Ottawa Citizen

Exterminat­ors receive high volume of mice calls

- VITO PILIECI

While exterminat­ors around the nation’s capital are reporting booming numbers of calls regarding mice, experts are questionin­g why we’re suddenly seeing the spike.

According to Patrick O’Hara, owner of PestPros Pest Control, a normal summer brings in around five calls involving mice in people’s homes. This year he’s getting as many as five calls per week.

“I just had this discussion with two or three people,” he said. “I just had a discussion with a client yesterday that we did mouse control for. I’m thinking it might be because we had that dry spell.”

O’Hara said, during a normal summer, mice bury themselves in fields and yards where they live on seeds and other food that they forage. They don’t really turn their attention to people’s homes until the first frost of the season, he said.

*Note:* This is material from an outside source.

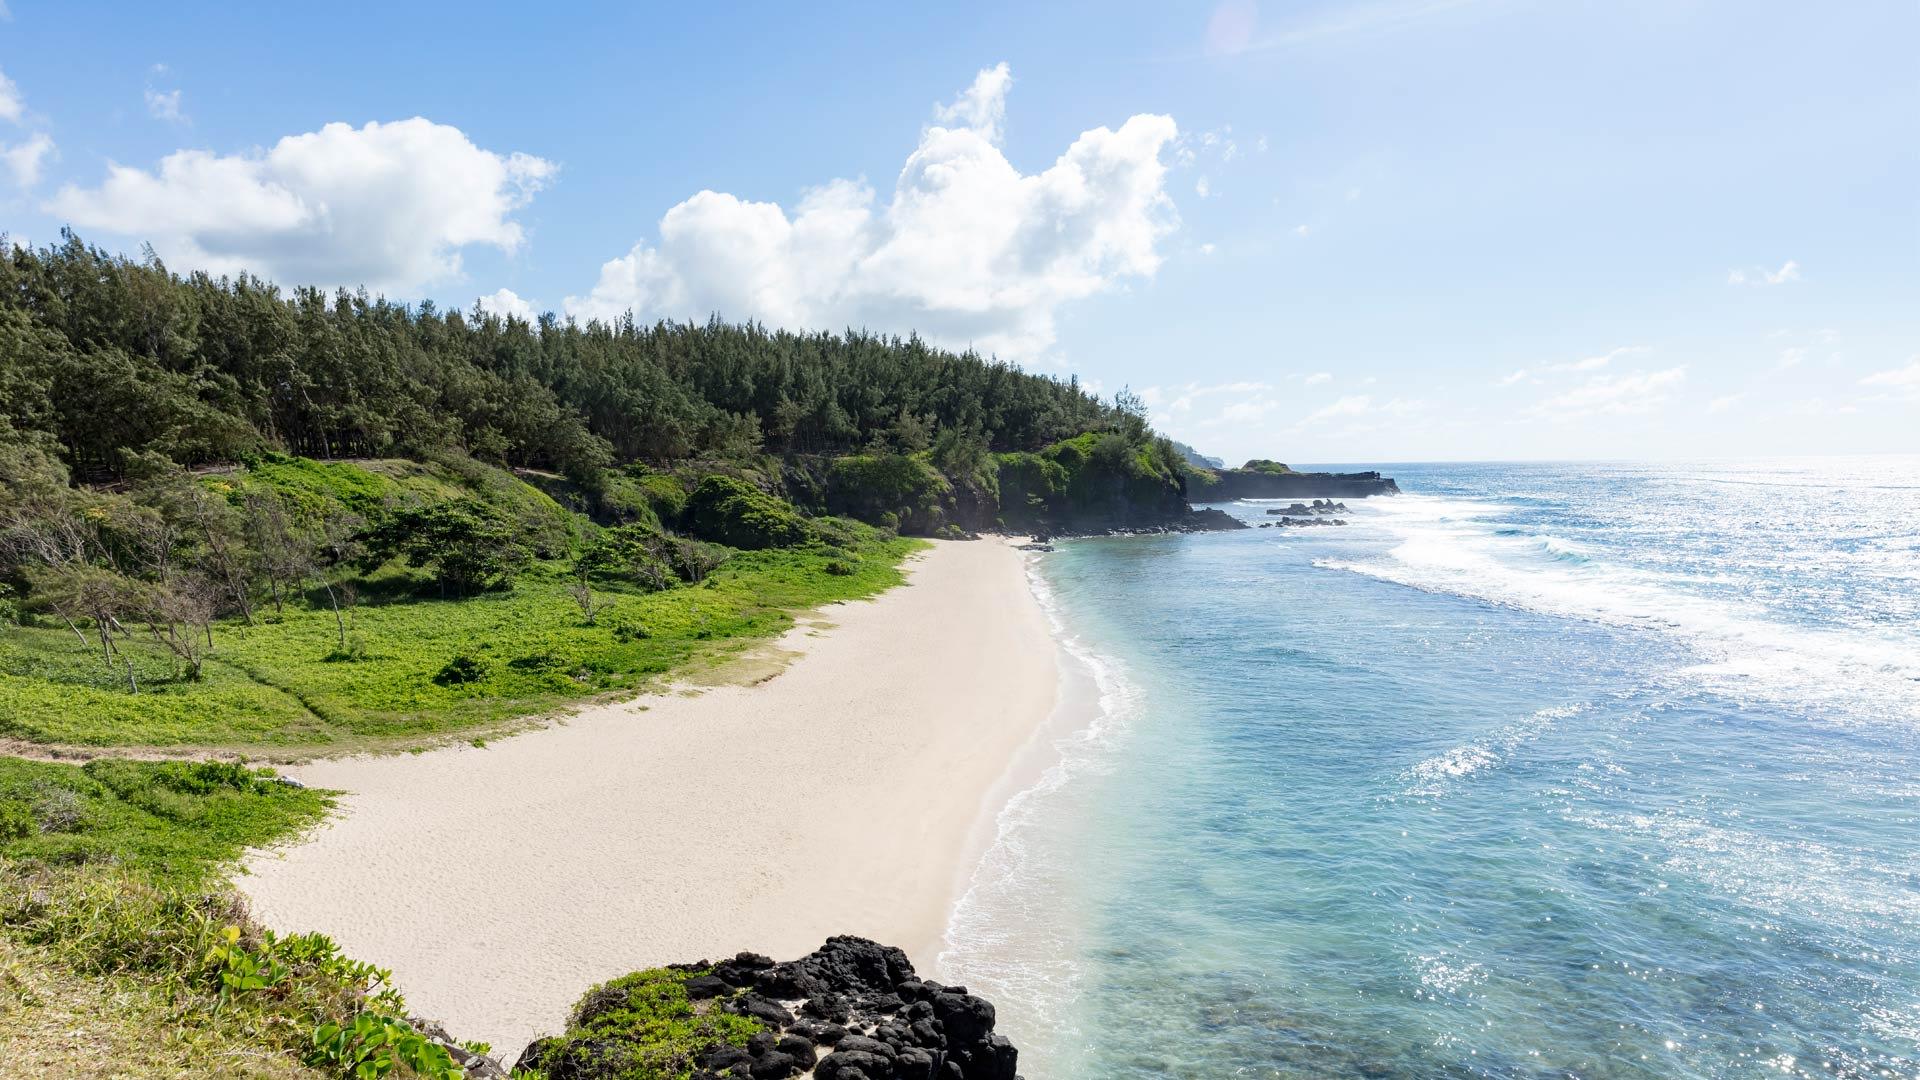 https://assets.anantara.com/image/upload/q_auto,f_auto/media/minor/anantara/images/anantara-iko-mauritius/destination/anantara_iko_mauritius_beach_1920x1080.jpg
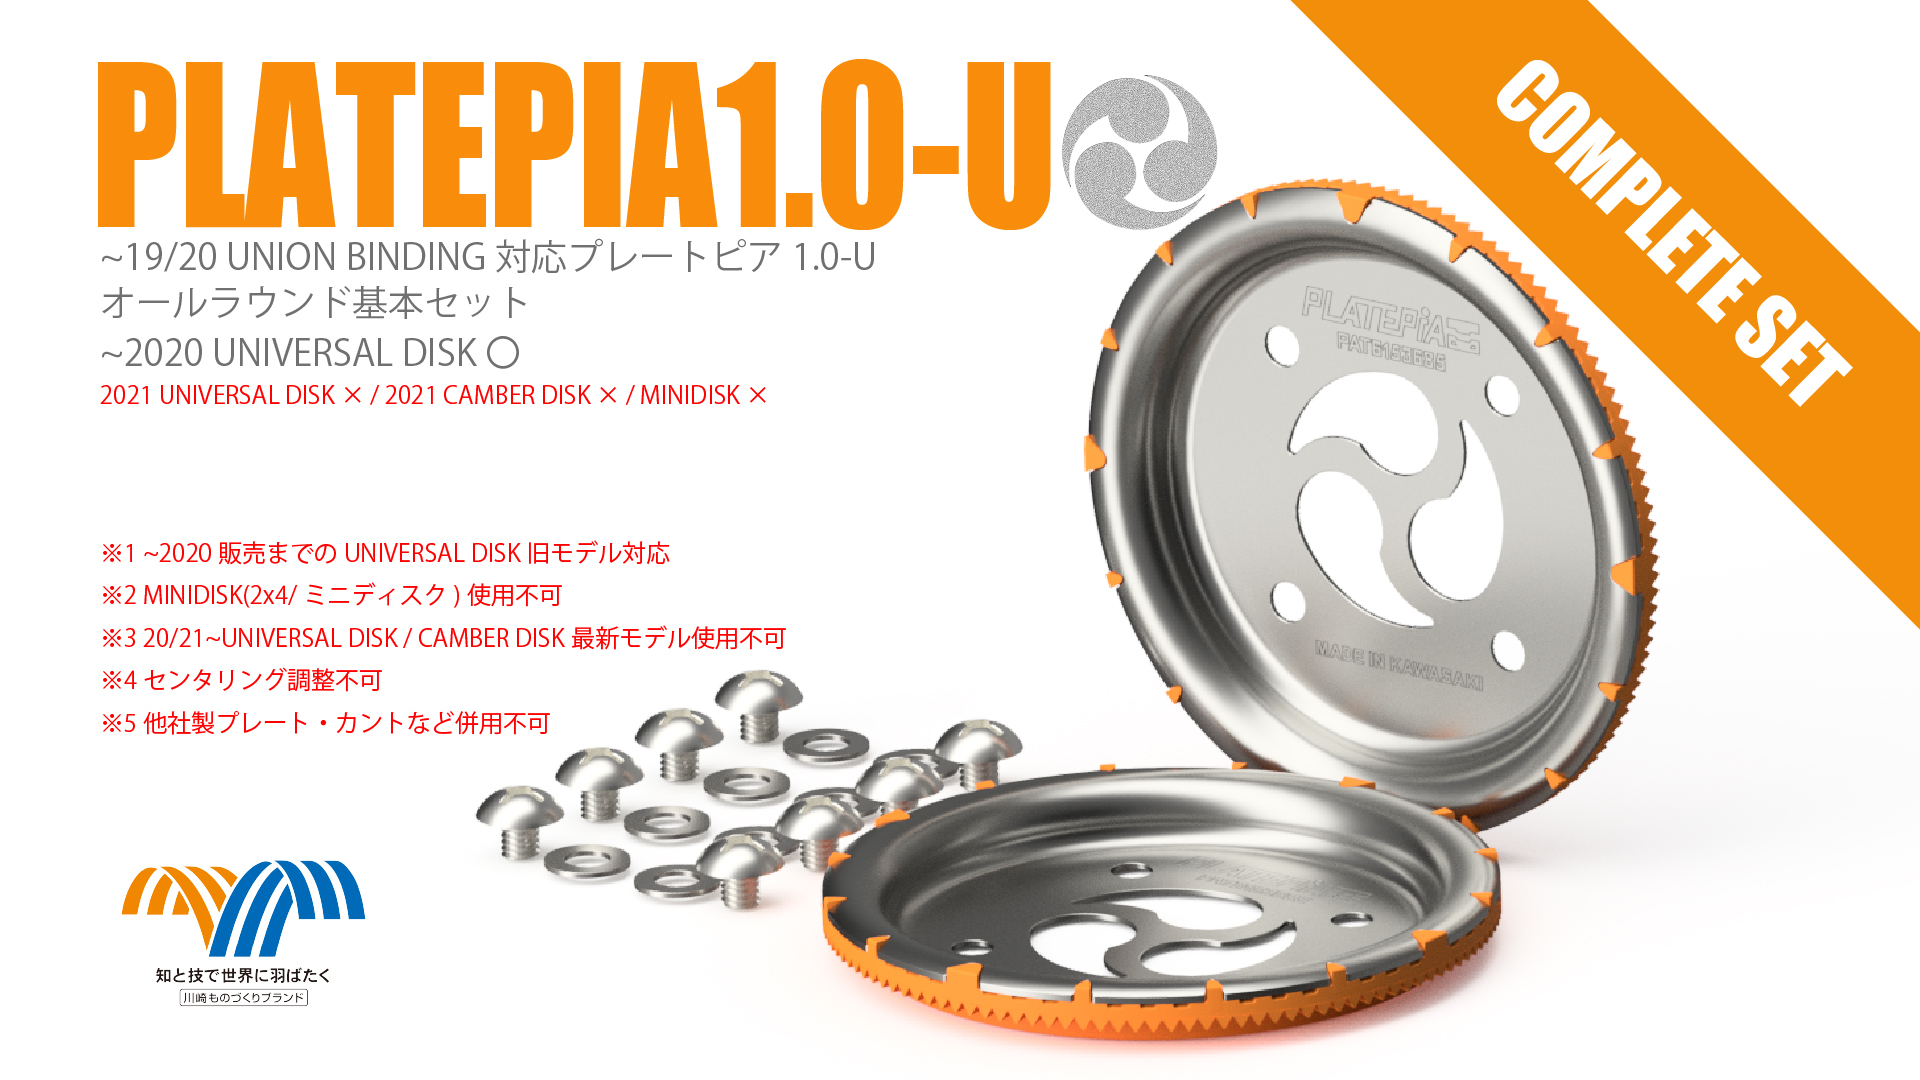 PLATEPIA1.0-U

“Then they go looking for warmer places to survive the winter,” he said, adding that a person’s home is the perfect place for them to hang out, provided they can find an entry point.

O’Hara believes that the extremely dry weather may be playing a role, with the heat and dry conditions pushing mice to find cooler places where they would have access to water, like a person’s basement.

Marc Johnson, an associate professor of biology at U of T Mississaug­a who is also a director of the University of Toronto’s Centre for Urban Environmen­ts, isn’t so sure the weather is to blame.

He said it would take a real investigat­ion in order to figure out definitive­ly why more people are finding mice in their homes this year. However, he said it’s not likely as a result of the heat.

“We have a hot stretch in every summer and you don’t hear the same anecdotes,” Johnson said. “It could be that they are living in the attic and it’s darn hot in the attic right now. I think this is more about the natural ecological dynamics of these organisms.”

Johnson said there are two types of mice that are commonly seen in Canadian cities.

One is the European house mouse, also known by its scientific name Mus musculus. It is small and grey or dark brown in colour. The other is the white footed mouse, known as Peromyscus leucopus in scientific circles. White footed mice are native to Canada. They like treed lots, public parks and forests.

He said the increased mouse sightings are more likely related to a booming mouse population than the recent heat wave.